The latest official figures have shown an unexpected steep fall in the UK’s rate of inflation after months of disappointing data on the rising cost of living.
The Consumer Prices Index (CPI) fell to 7.9% last month, down from 8.7% in May and its lowest rate since March 2022, as food price inflation eased and fuel prices dropped sharply year-on-year.
Most economists had expected the figure to fall to 8.2% in June.
Here the PA news agency explains what this means and how it could affect households and homeowners.
– What is inflation?
Inflation is the term used for the rate at which prices increase over time.
If the price of something rises from £10 to £11 over a year, then that would represent annual inflation of 10%.
Every month, the Office for National Statistics (ONS) reports the annual increases on a raft of items and services, including everything from computer games to a loaf of bread.
– Why are the latest figures so important?
The new data from the ONS was keenly awaited, after inflation had proved to be stubbornly high in recent months.
The far bigger-than-forecast fall in June suggests that the Bank of England’s flurry of interest rate hikes may finally be working to rein in inflation.
The Bank’s last rise saw rates increase by a shock half a percentage point to 5% in June and there were worries that policymakers would vote for another half a point increase next month if CPI did not fall as much as expected.
– What does it mean for interest rates?
Financial markets immediately cut their bets on the peak in interest rates to between 5.75% and 6% by the end of the year after the figures, having previously forecast 6.25% by next March.
The Bank is still expected to raise interest rates at its next meeting on August 3 as inflation remains nearly four times its 2% goal.
But economists said the data may see the Bank opt for a smaller 0.25 percentage point increase next month, rather than another back-to-back bumper 0.5 percentage point hike, although it is seen by some experts as a “close call”.
– How will this affect my mortgage?
It gives a glimmer of hope for under-pressure mortgage borrowers, who have seen rates on fixed deals soar to 15-year highs in recent months.
According to Moneyfactscompare.co.uk, the average two-year fixed-rate homeowner mortgage rate on the market is 6.81%, up from 6.78% on Tuesday.
If rates are now seen peaking at below 6%, then mortgage lenders may start to reduce pricing.
– Do the latest figures mean the cost-of-living crisis is over?
Unfortunately not yet.
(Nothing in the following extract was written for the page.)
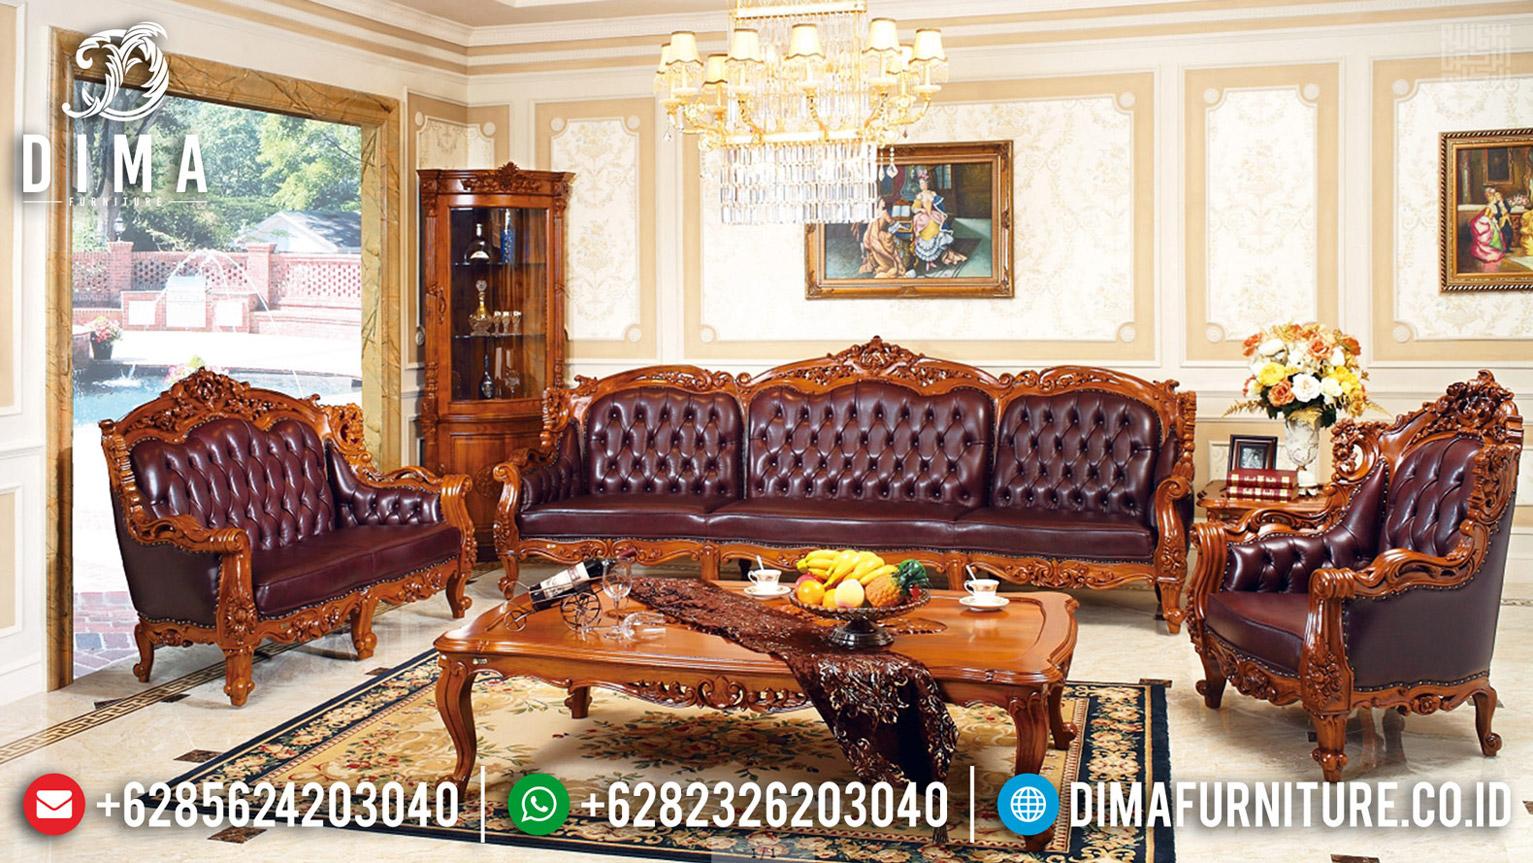 New Sofa Tamu Jati Donatella Natural Classic Auburn Furniture Jepara Antique MMJ-0601

Food price inflation is still painfully high, at 17.3% in June, down from 18.7% in May.
While some commodity prices have dropped, there are still big rises being seen across many products and ingredients, while fertiliser costs have also soared, which is being passed down by farmers to retailers.
Energy prices are coming down sharply, with the price cap this month being set at £2,074 a year – £426 less than the previous Energy Price Guarantee.
But there is uncertainty over future gas prices, particularly if Europe suffers a very cold winter.
– What do the latest figures mean for the Government’s pledge to halve inflation?
Prime Minister Rishi Sunak has made halving CPI inflation to around 5.3% by the end of 2023 one of his five key priorities.
The latest data brings the rate closer to the goal and inflation is expected to continue falling sharply over the remainder of 2023 as last year’s steep energy and fuel prices fall out of the comparison.
Chancellor Jeremy Hunt said he would stick to the plan to halve CPI, but admitted there is still a “long way to go”.